Богров пожал плечами:
— Я не могу принять ваши деньги, Николай Яковлевич.
— Это наши деньги, — ответил Щеколдин. — Я имею в виду не наш совместный выигрыш, а нечто совершенно другое, думаю, вы понимаете меня?
— Вы хотите сказать, что эти деньги принадлежат не нам?
— Именно это я и хотел сказать.
— И те, кому они принадлежат, хотят, чтобы я проиграл их?
— Те, кому они принадлежат, хотят видеть, как вы играете.
— Игра должна кончиться выигрышем, Николай Яковлевич, это — закон, здесь я не выиграю, каждый живет своей методой.

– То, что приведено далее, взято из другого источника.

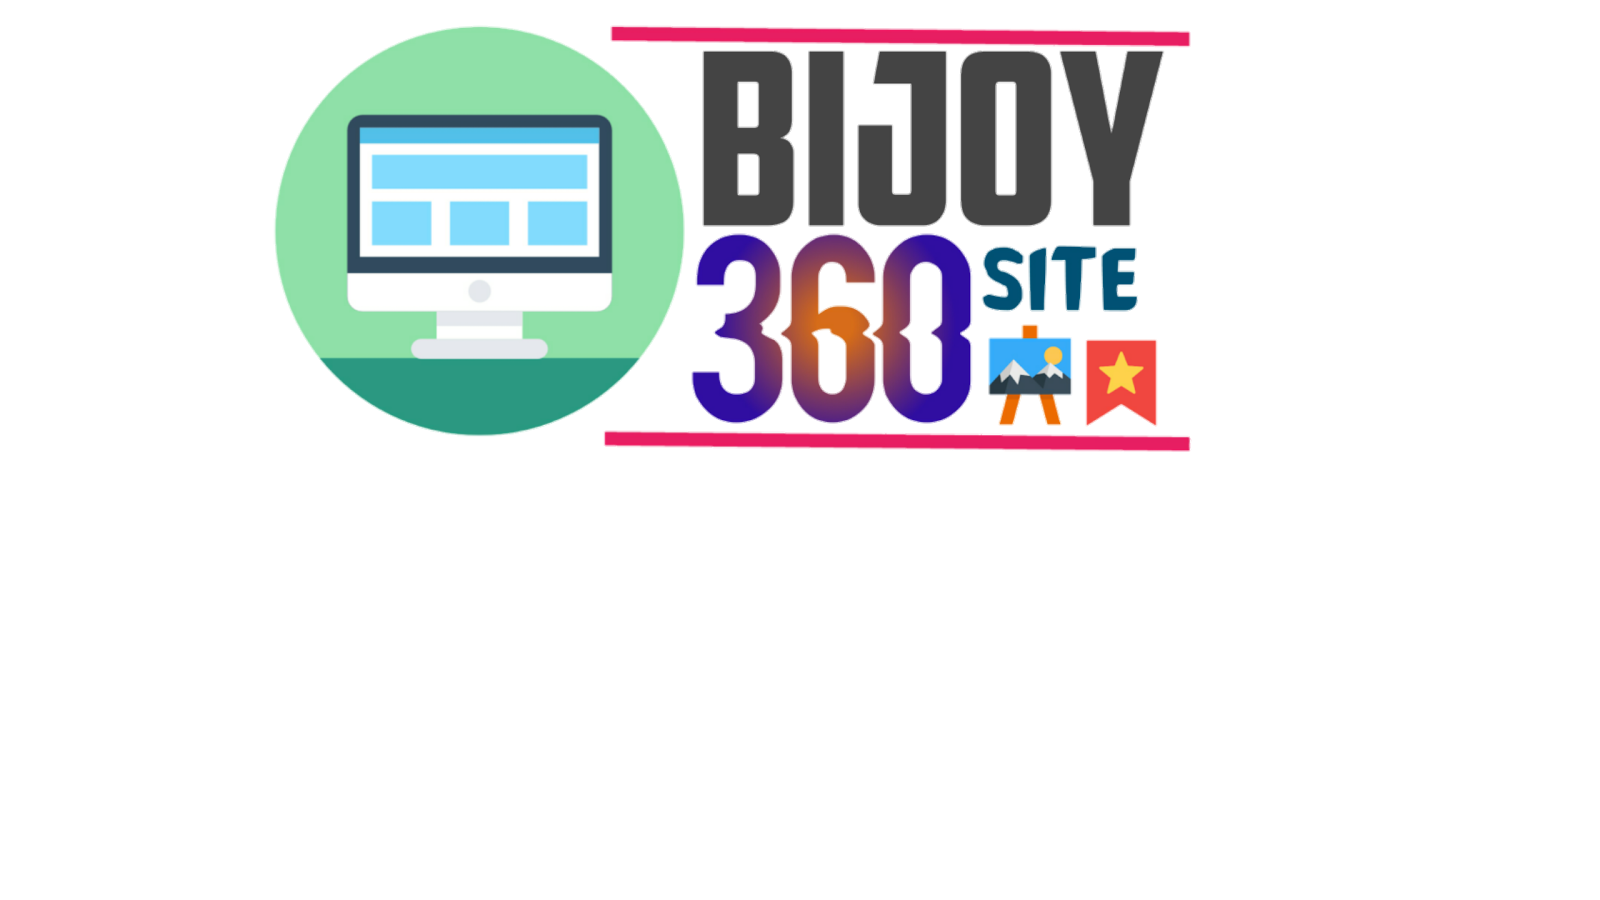 Bijoy360site
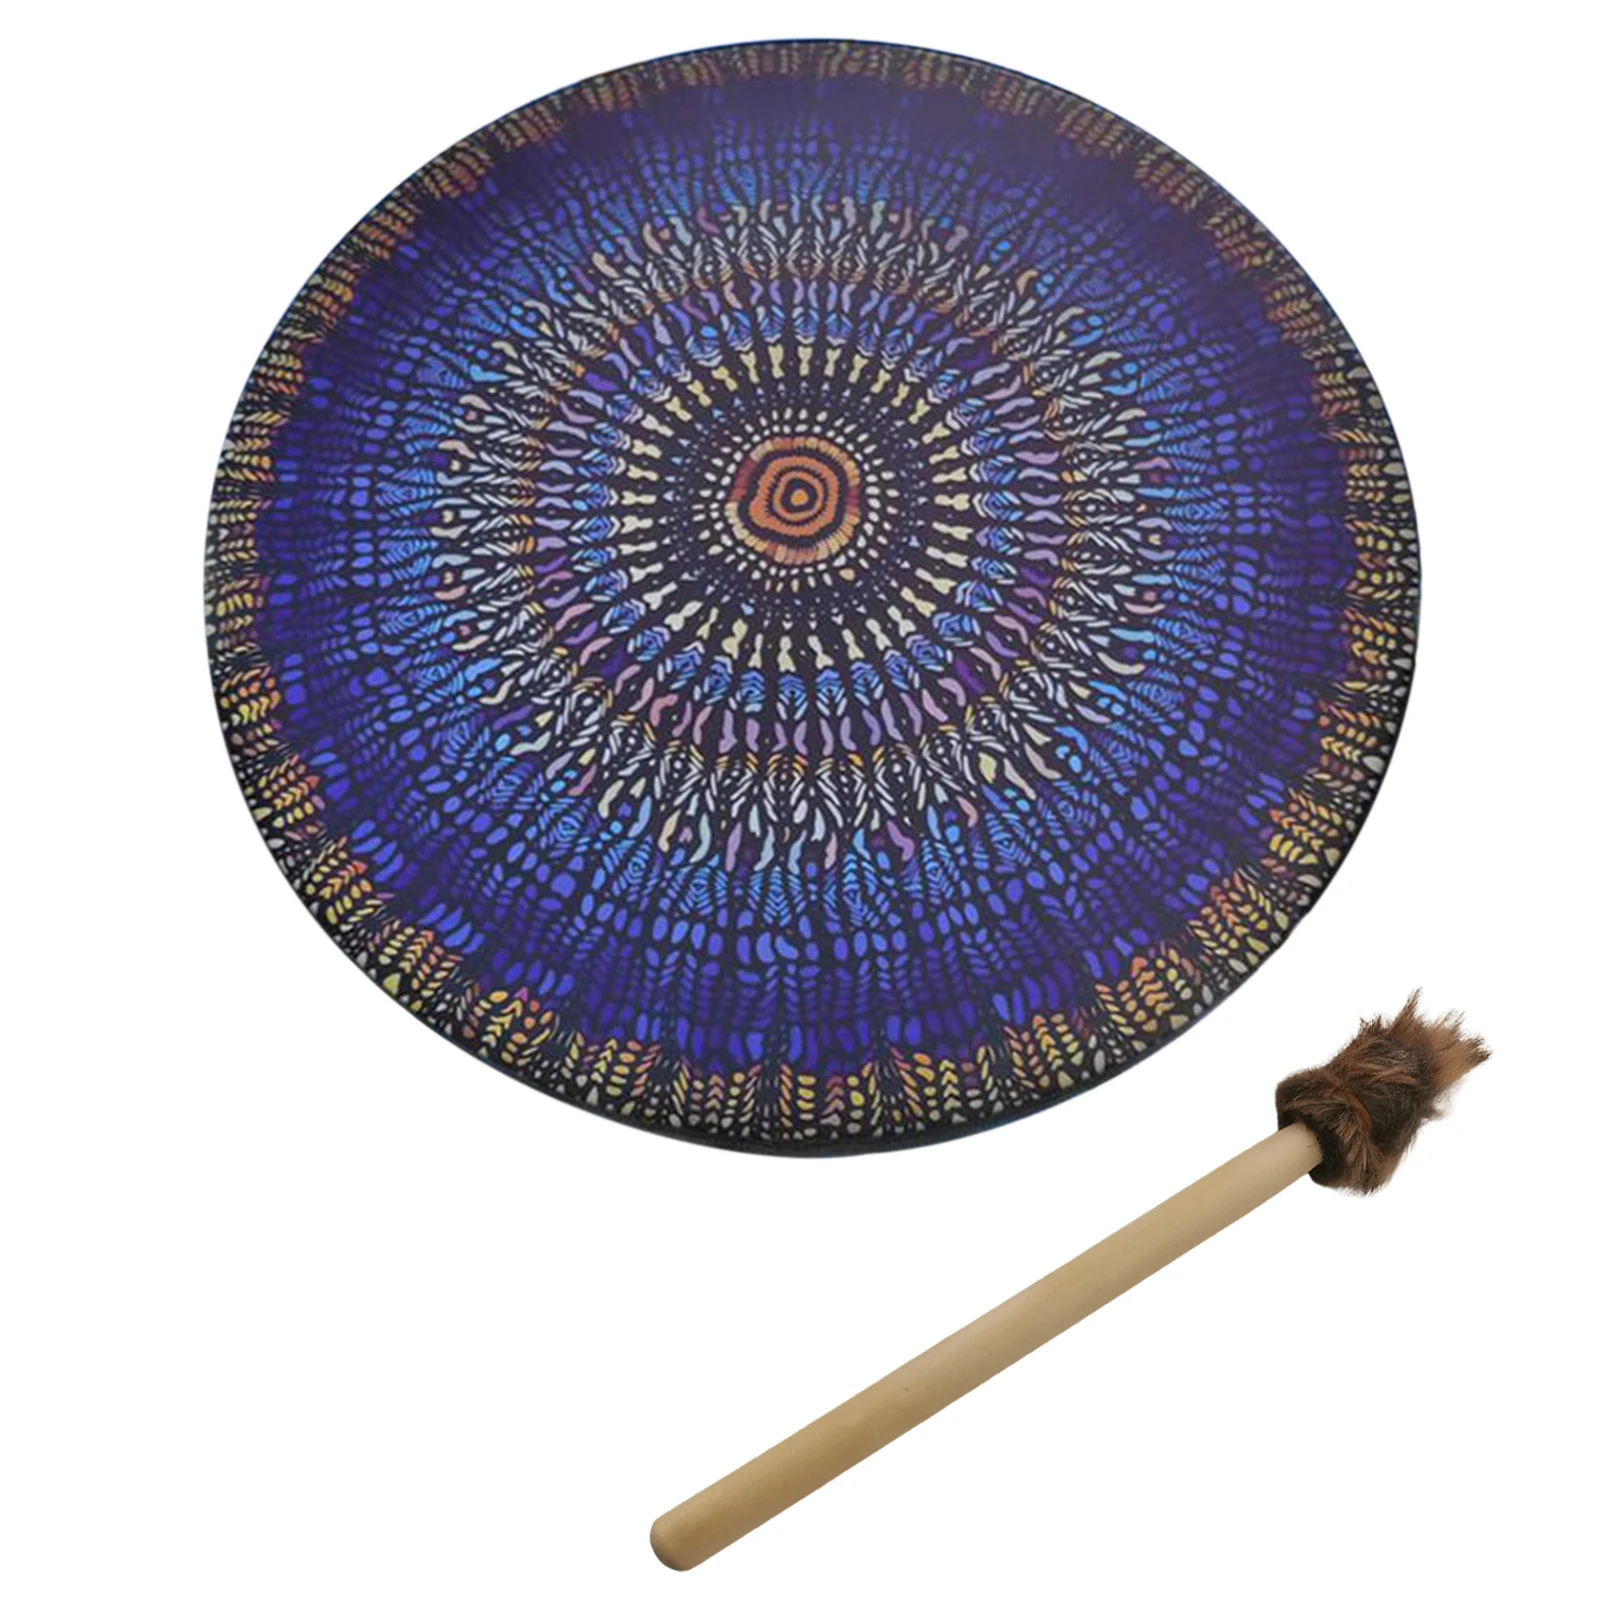 Shaman Drum Tree Of Life Ornament Wooden Shamanic Drum Percussion Frame Drum Music Spiritual Shaman Drum With Drum Stick

— Так я не держу вас, идите к любому столу…
Богров отошел туда, где игра начиналась с пяти франков, а не с двадцати, и сделал сразу десять ставок: Щеколдин понял, что тот играет здесь давно, лгал, будто ни разу не был в казино; выиграл семьдесят франков, сел на освободившийся стул, достал из кармана блокнотик и карандаш, начал записывать те номера, на которые падали выигрыши, — так только профессионалы себя ведут, дилетанты быстро проигрываются и отваливают восвояси, лишь мастак норовит выстроить схему; коли, к примеру, давно не выпадало на первую десятку из тридцати шести заветных цифр, надо ставить именно на первые, глядишь, десяток тысяч в кармане, шальные, счастливые, сладкие деньги!
Щеколдин видел замершее, отстраненное лицо Богрова и стремительные глаза, алчно следившие за стремительным бегом шарика, пущенного рукою крупье на мягко вертевшуюся рулетку.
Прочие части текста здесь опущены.